Барыня-кухарка

У нас в деревне барыня объявилась. А и пора уж, советска-то власть сколько лет, как сухим листом осыпалась. Теперь мы душою к прошлому прикипаем, прыг за девятьсот семнадцатый и ну восхищаться: и жили лучше, и бабы моложе были. Цари, все как на подбор, за страну радели. И ихние родственники тоже. Все талантливы и красивы как Ален Делон. А принцессы наши? Какую не выдерни из грядки — образец милоты, целомудрия и патриотизьму. Слыхал, нынче самое первое дело — дворянский герб себе выправить? Ага. С этим просто, заплати и лети. У иного на энтот герб акромя маткиной козы да папашиной фрезы и сунуть нечего, а поди ж ты — князь Кривопыркин али граф Несуйрылов.

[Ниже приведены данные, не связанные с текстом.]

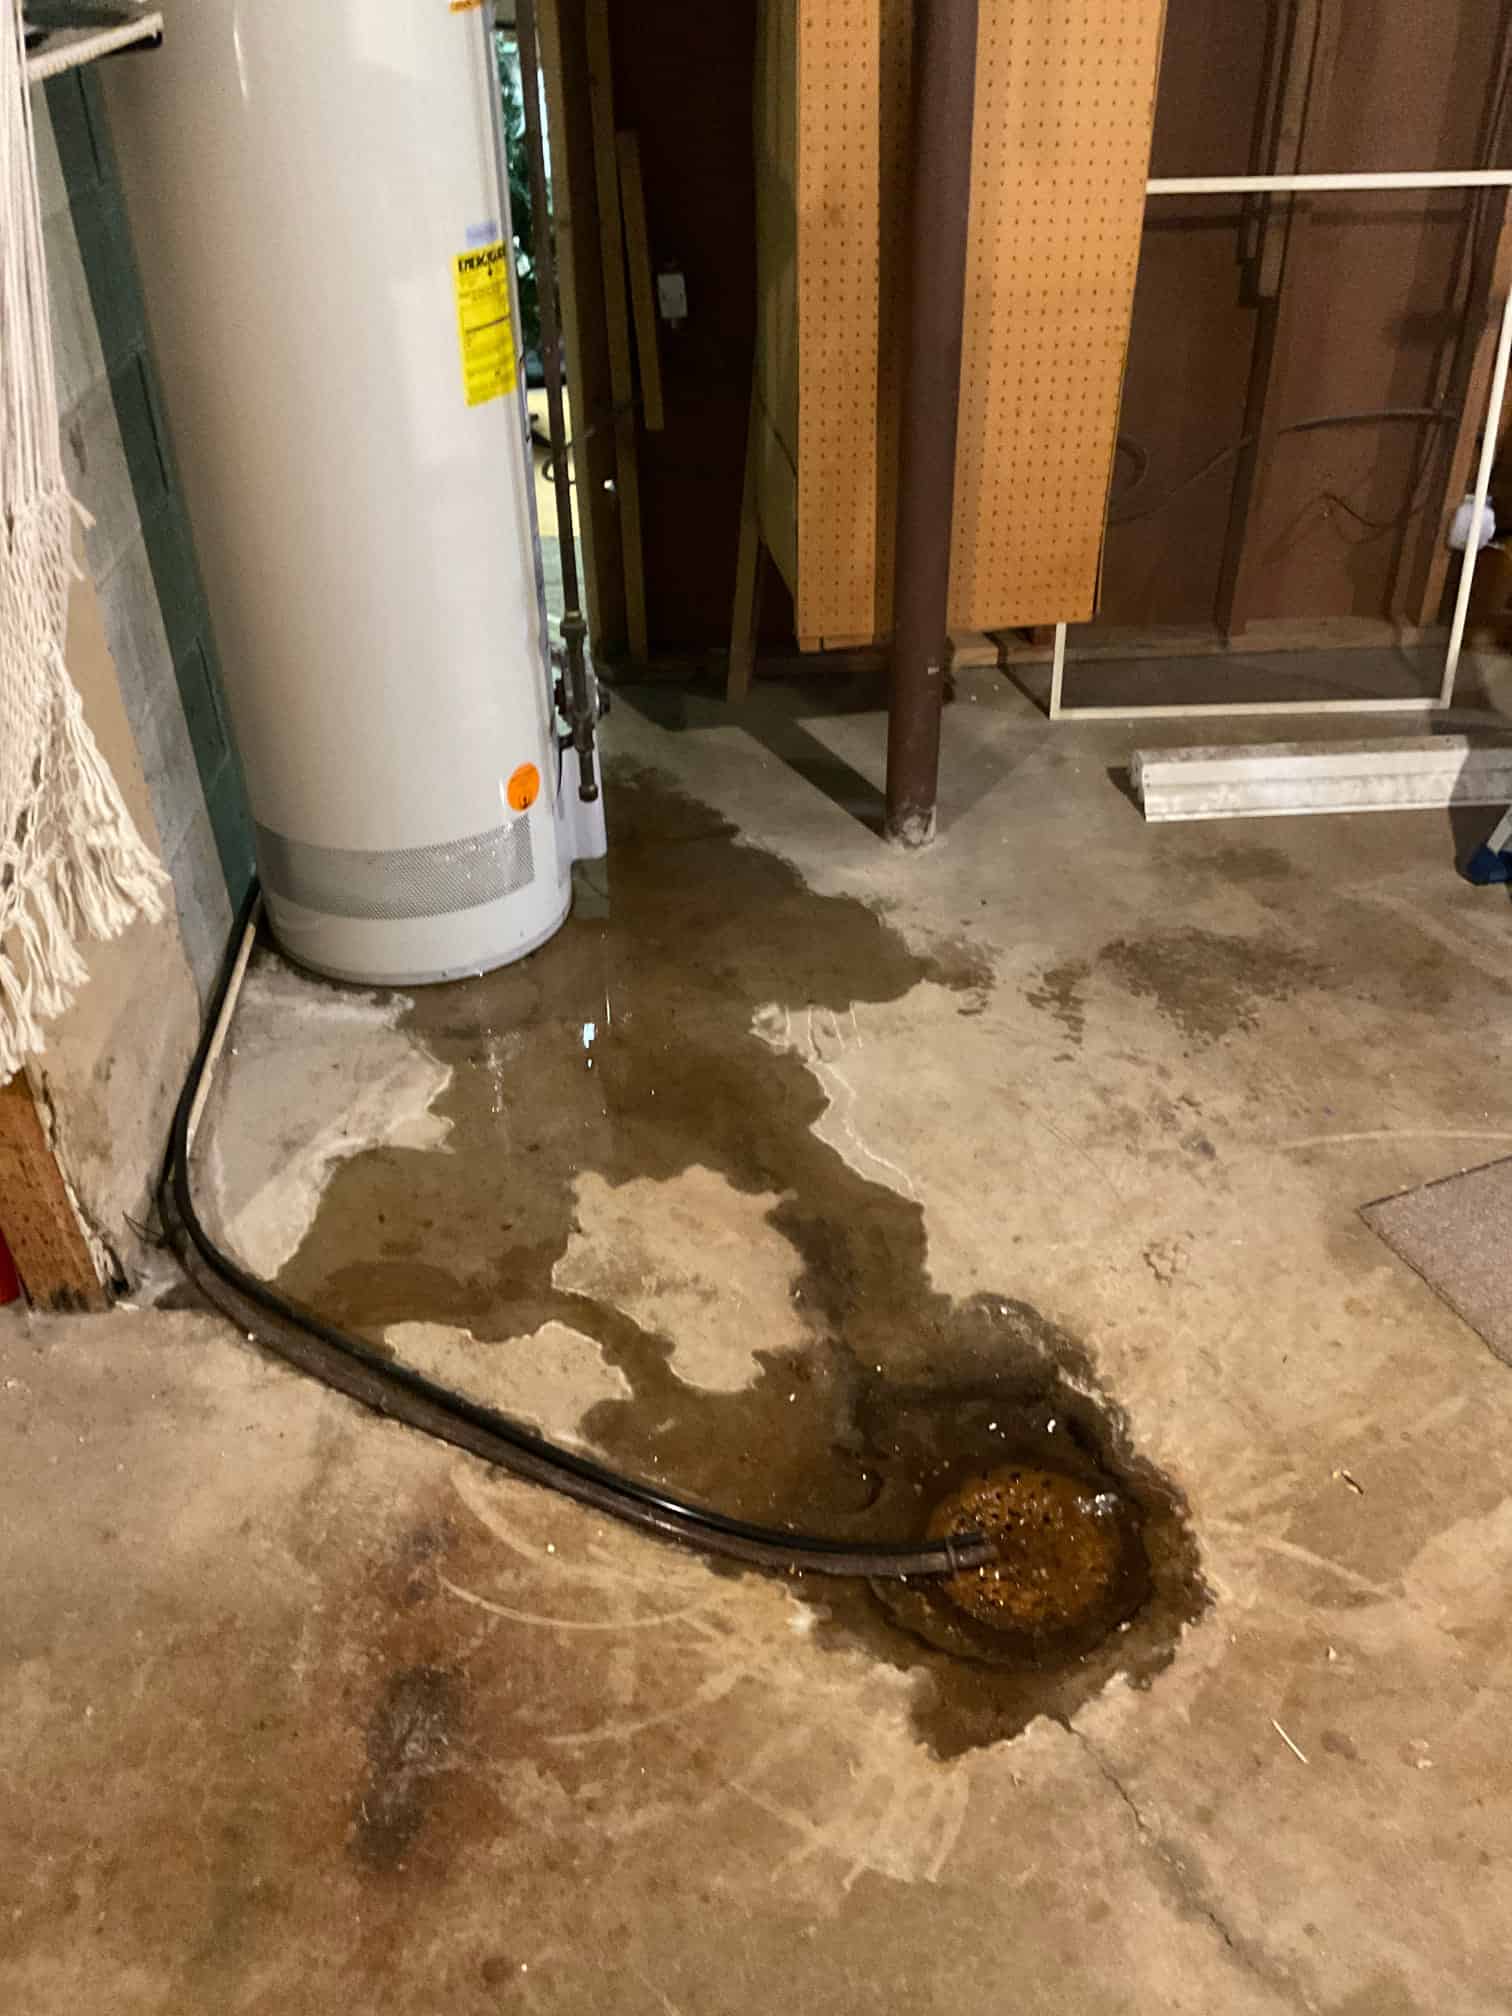 Water Heater Leaking and Needing Repairs

У нашей-то барыньки происхождение самое не спесивое — от горшка да поварешки. Так что из каких царьгороховых времен в ей эта Салтычиха выскочила, не скажу. А может и не в предках дело. Может навеяло. У нас тут за озером барская усадьба была. От нее нынче только название остановки на трассе осталось, да пара кирпичей на горке. Барин последний зверюга был, девок портил, мужиков порол. Самому вроде не положено, не крепостное право, он урядника вызывал, вину, какую придумает, возведет на мужика, и под порку. Сам и выпорет. Нравилось ему. Говорю ж, зверюга, садист. Так усадьбу евонную уже в феврале семнадцатого сожгли. И Великого Октября ждать не стали. Барину вилы в пузо, красного петуха за пазуху. Да говорят, ходит он по сю пору круг горки-то своей. Многие видали. Я, правда, сама не видала, врать не буду. Слыхала только. За малиной с мужем пошли, сели в кустах-то, в малиннике, вдруг ветер налетел и вроде воет что в ветре-то: «Ду-у-ушно... Ску-у-ушно...» Кому еще, акромя барина-то убиенного?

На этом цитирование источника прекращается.